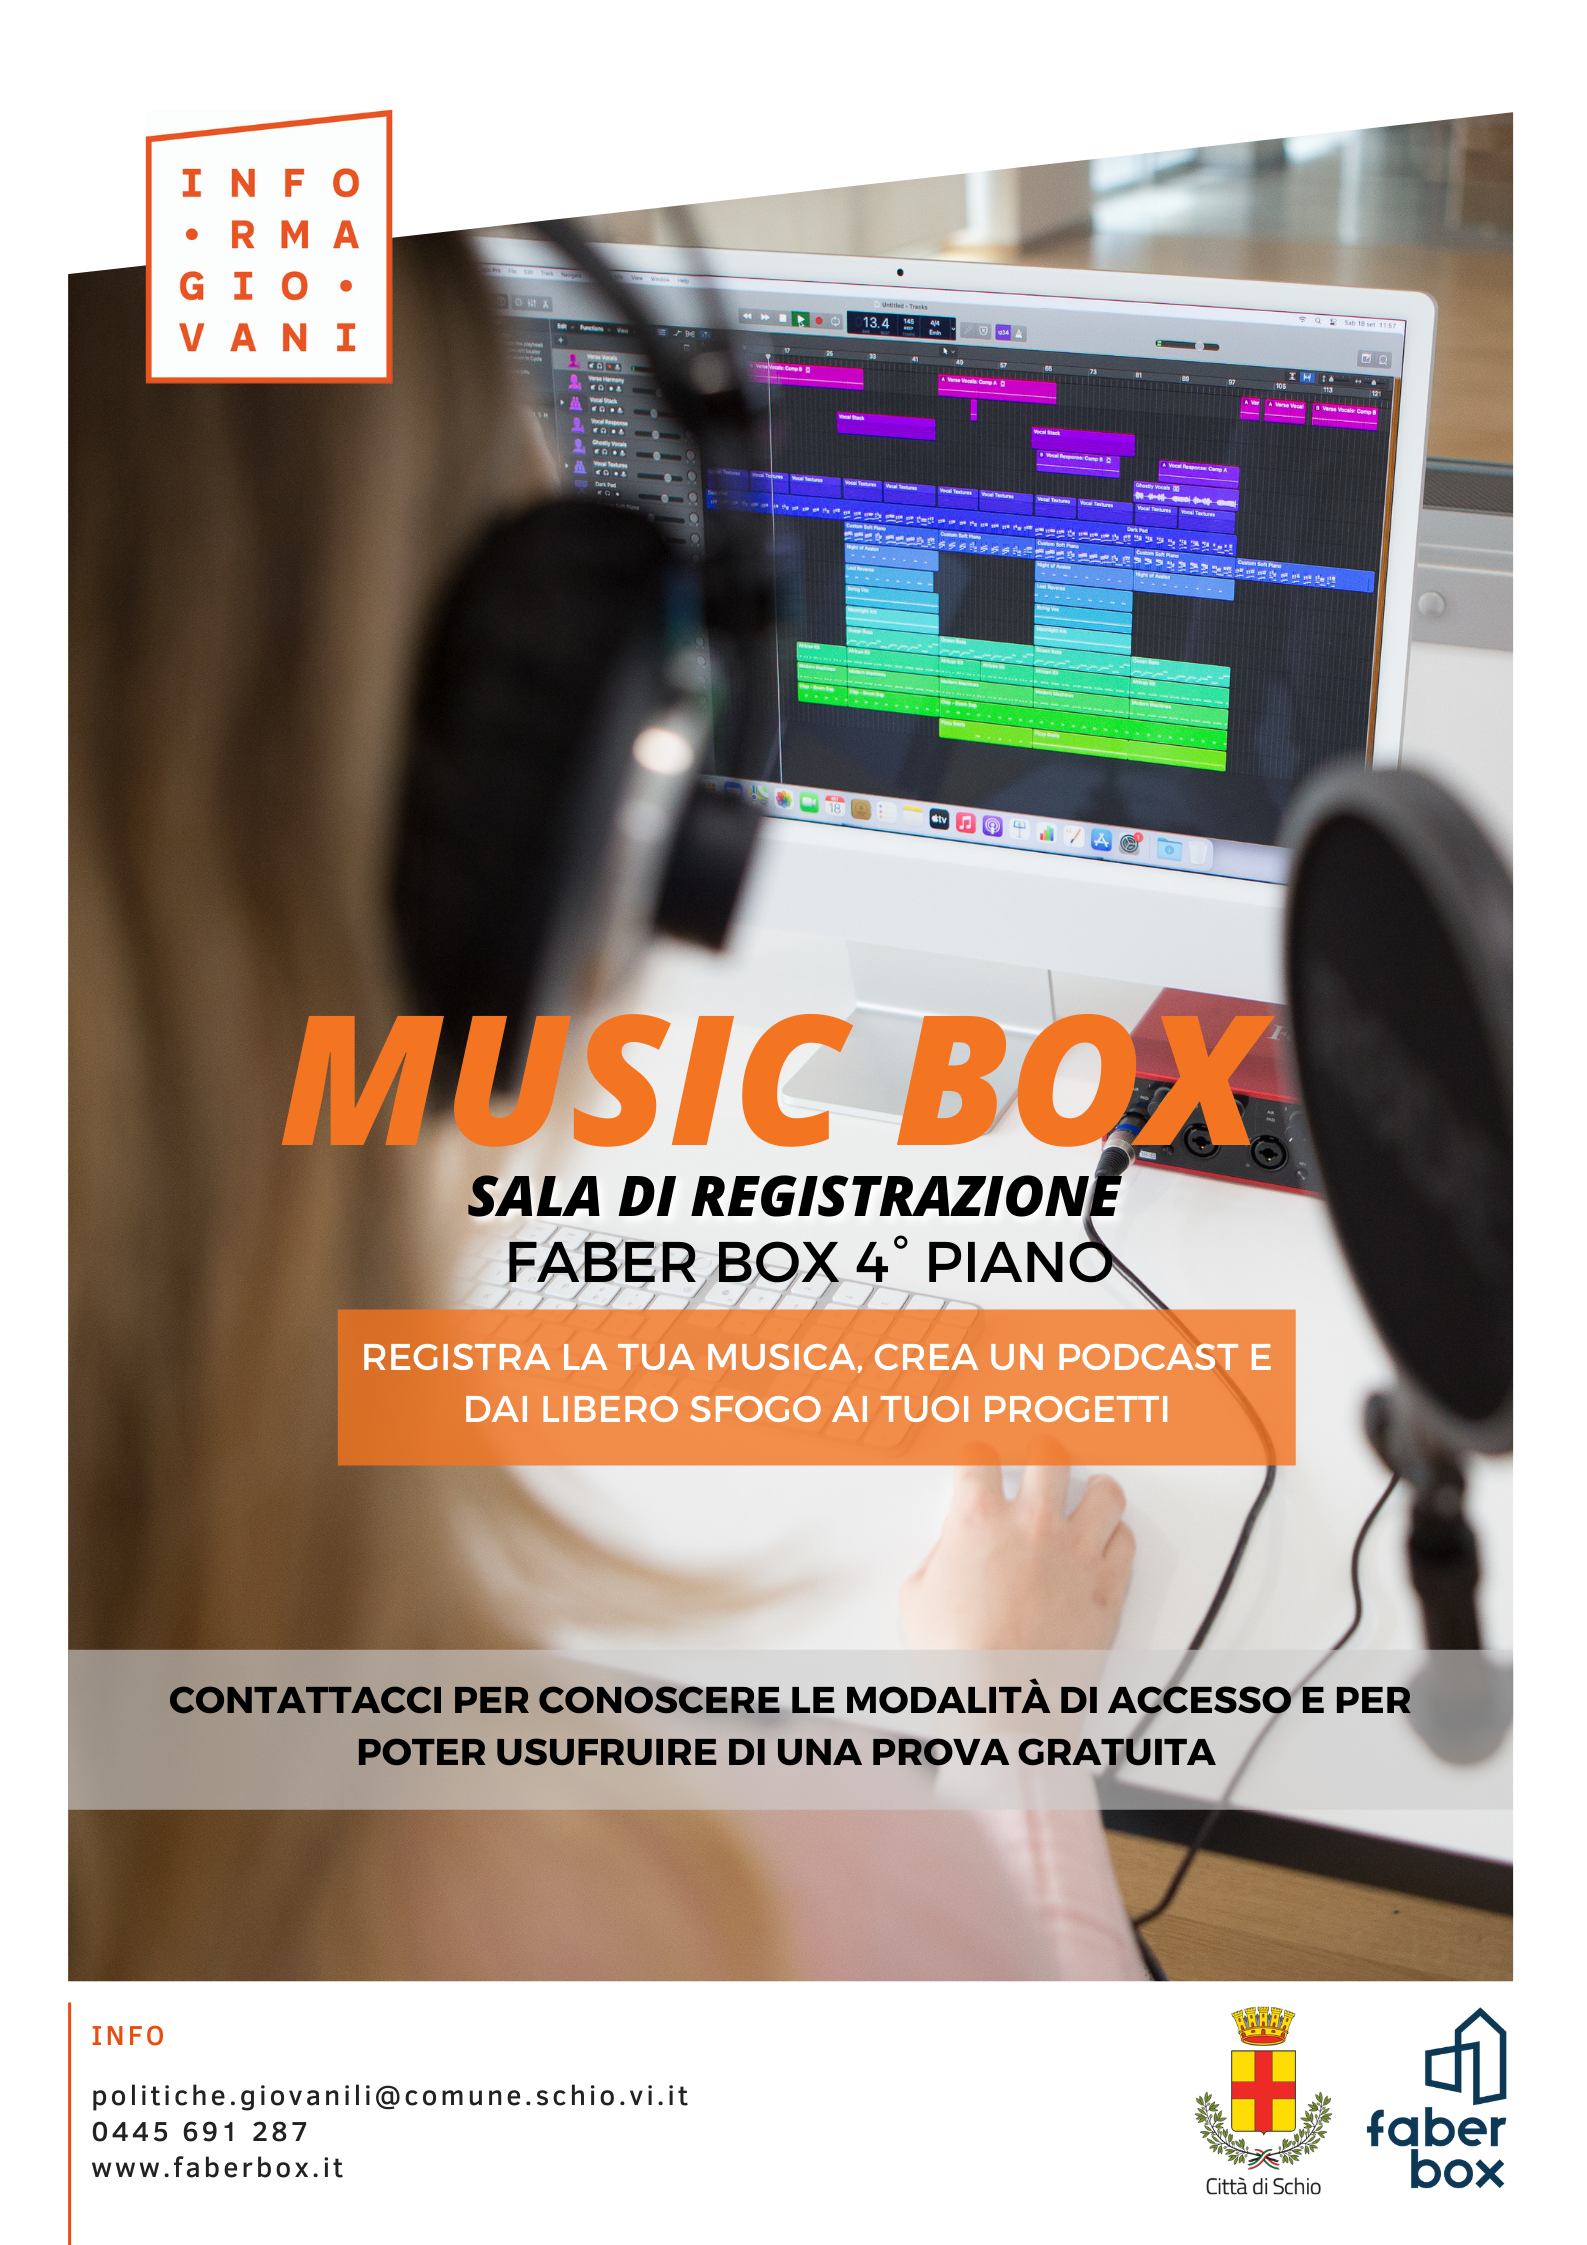 Music Box – sala di registrazione
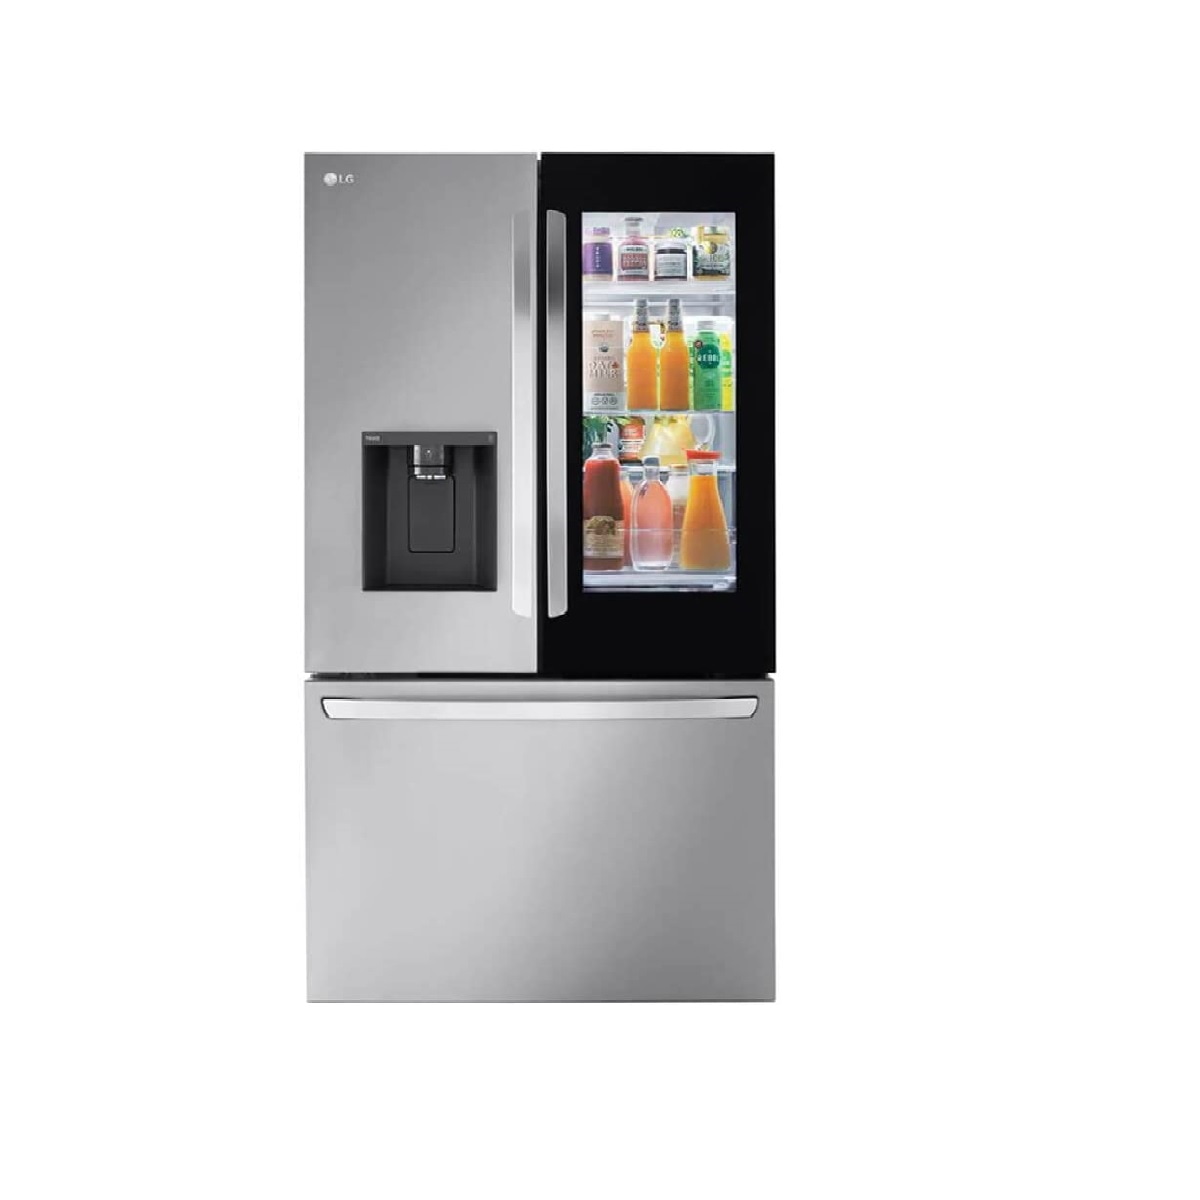 LG refrigerator troubleshooting manual
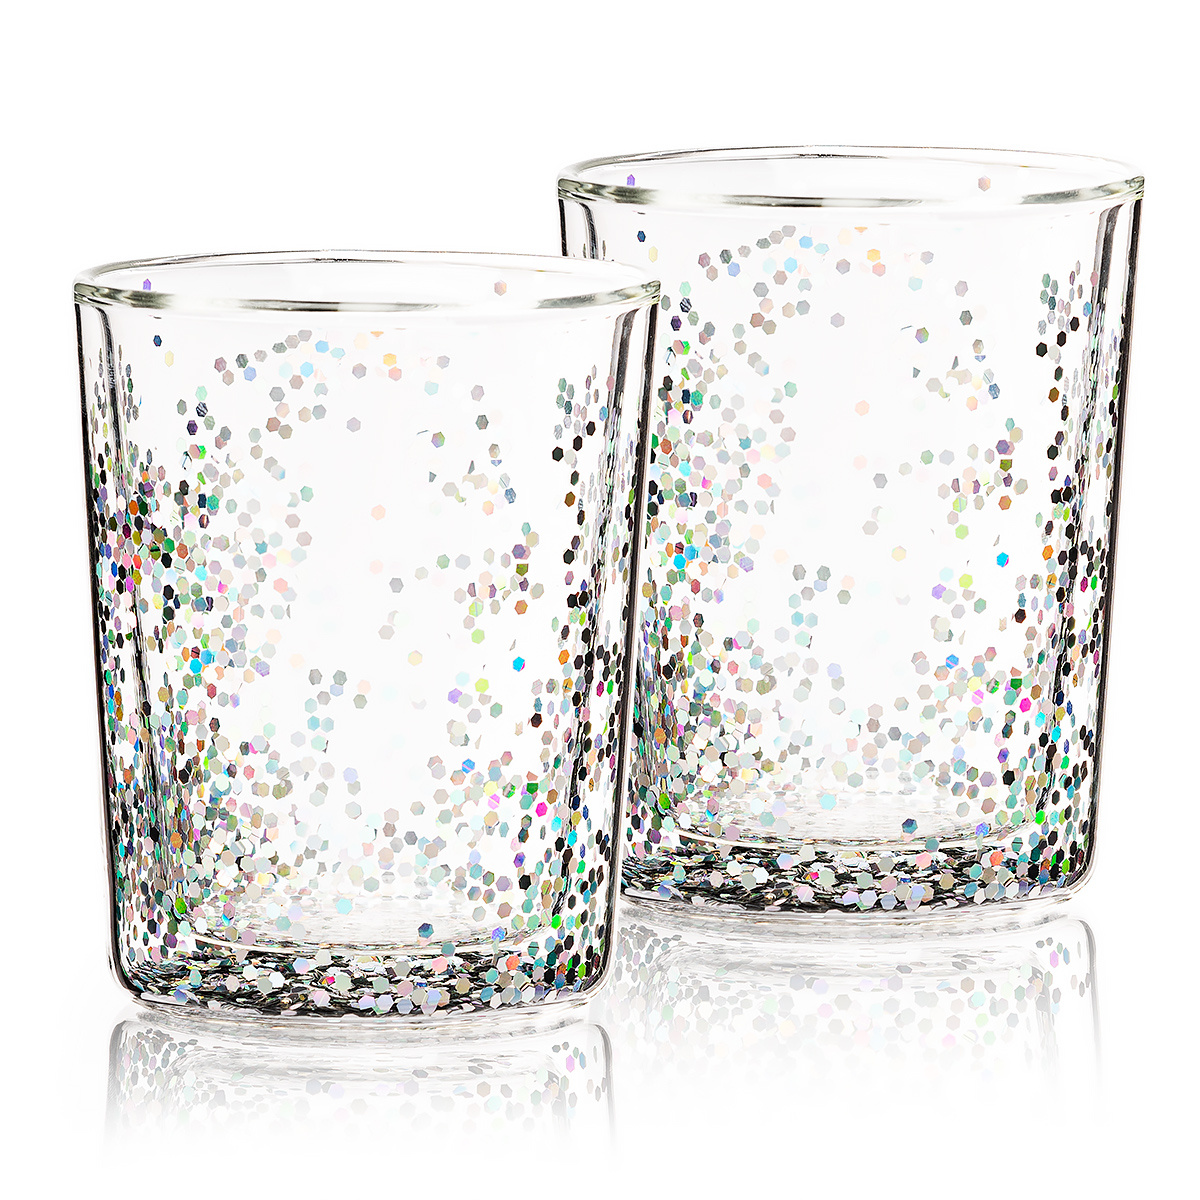 4Home Termo sklenice HotnCool Sparkle 250 ml, 2 ks
··········
**WORK TO COMPLETE**
Above is a listing with pictures. Write it out exactly without them.

**RESPONSE AREA**
 Music Box – sala di registrazione
 LG refrigerator troubleshooting manual
 4Home Termo sklenice HotnCool Sparkle 250 ml, 2 ks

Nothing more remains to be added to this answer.